I feel that analysis of this sort is incredibly appropriate for AI alignment. It seems rather plausible that neural networks, or anything just like them, will probably be applied as a element of AGI. If that's the situation, then we want to be able to reliably forecast and explanation about how neural networks behave in new predicaments, and how they connect with other techniques, and it is tough to assume how that may be doable and not using a deep understanding of the dynamics at play when neural networks learn from details.

Indicating that MLK was a "criminal" is A technique of saying that MLK imagined and acted as though he had a ethical accountability to break unjust rules also to consider immediate motion.

I also needs to Notice that I think that the fact that Gaussian procedures even perform at all by now in by itself provides us a fairly good reason to be expecting them to capture the vast majority of what can make NNs function in observe. For almost any specified operate approximator, if that operate approximator is very expressive then the "null hypothesis" need to be that it essentially won't generalise in the least.

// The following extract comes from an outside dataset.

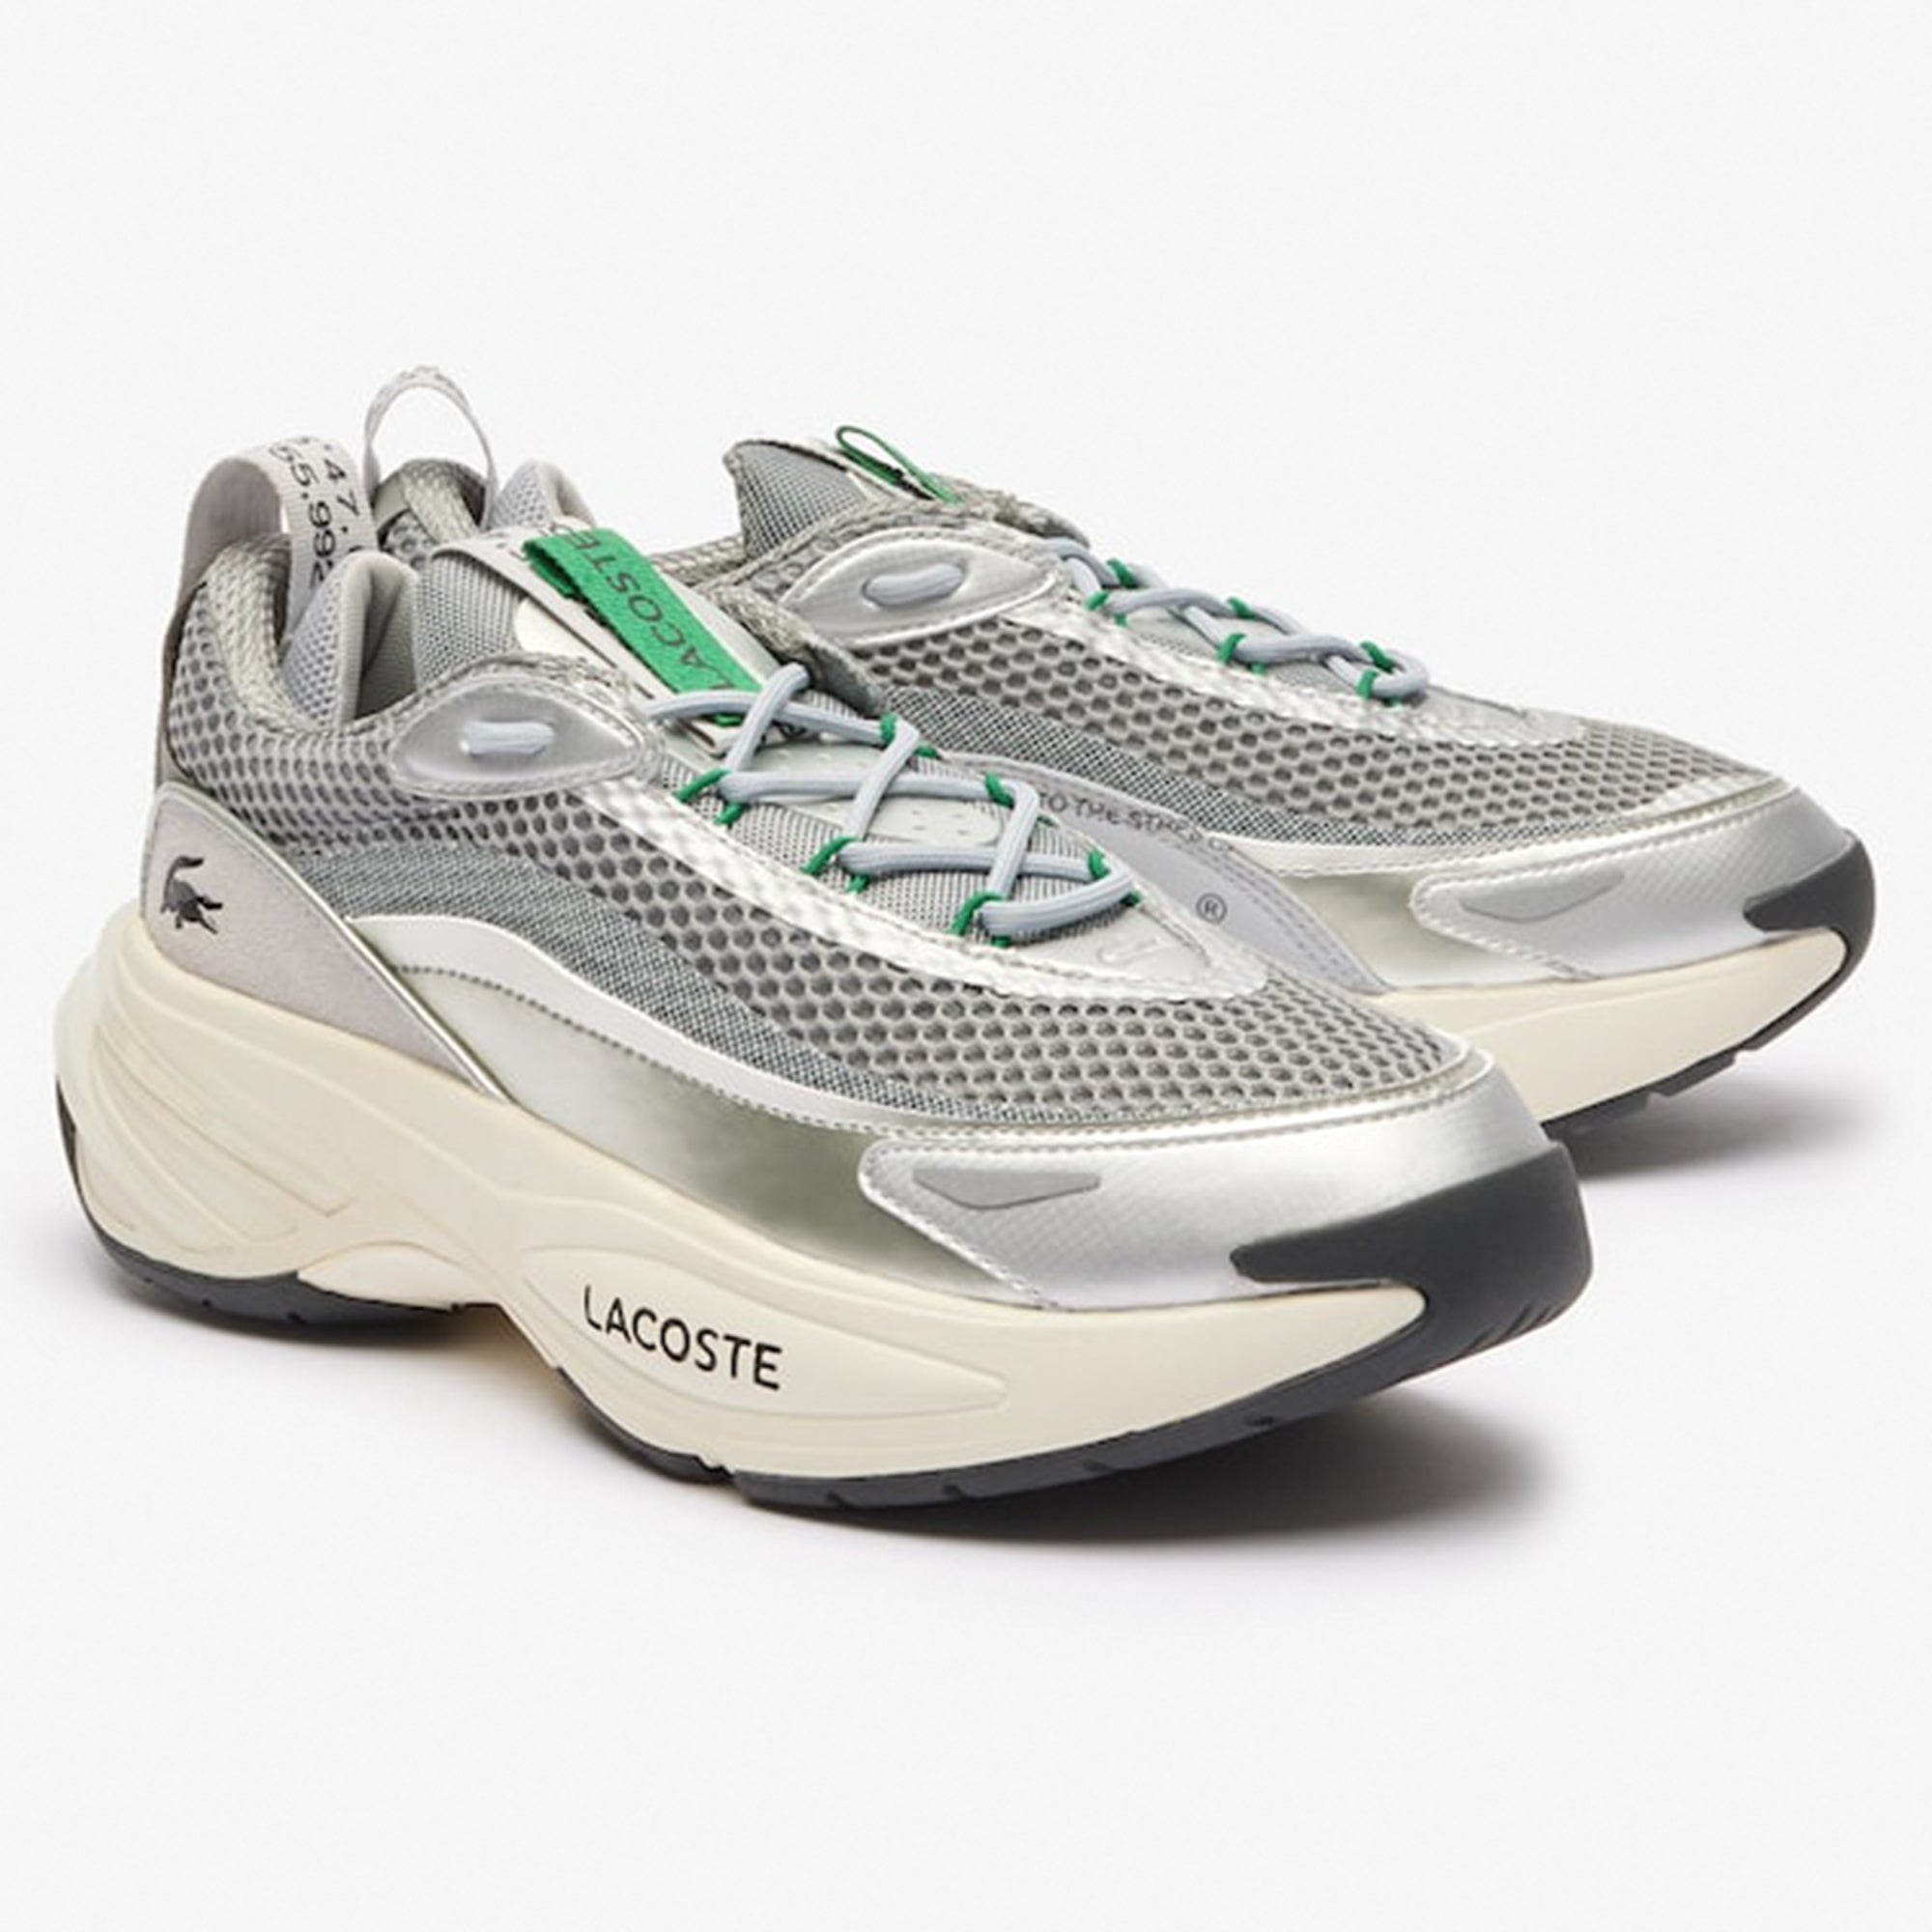 LACOSTE Men Audyssor Trainers Sneakers (Grey Silver)5

By way of example, if a file could be compressed a whole lot by a ZIP file encoding, then that file has low Kolmogorov complexity, but not all minimal Kolmogorov complexity strings can be compressed by ZIP specially.

I am undecided I agree using this -- I feel Kolmogorov complexity is really a suitable Idea of complexity Within this context.

Thanks for this, this is de facto fascinating! I am especially intrigued to listen to pushback against it, mainly because I believe it's evidence for brief timelines.

On the other hand, in significant dimensional settings, the majority of the quantity is near the boundary, so it's not an enormous deal. I'm not aware about any work that statements SGD uniformly samples from this boundary, nonetheless it's worth Given that possibility Should the experimental results hold up.

If SGD operates mainly because it's Bayesian, then making it additional Bayesian ought to enable it to be perform superior. But according to that's not the situation. Decreasing the temperature, or using the MAP (=temperature 0) generalizes a lot better than getting the entire Bayesian posterior, as calculated by a pricey MCMC process.

I agree with all your summary. I'm mostly just clarifying what my check out is on the energy and In general role from the Algorithmic Information and facts Principle arguments, because you stated you identified them unconvincing.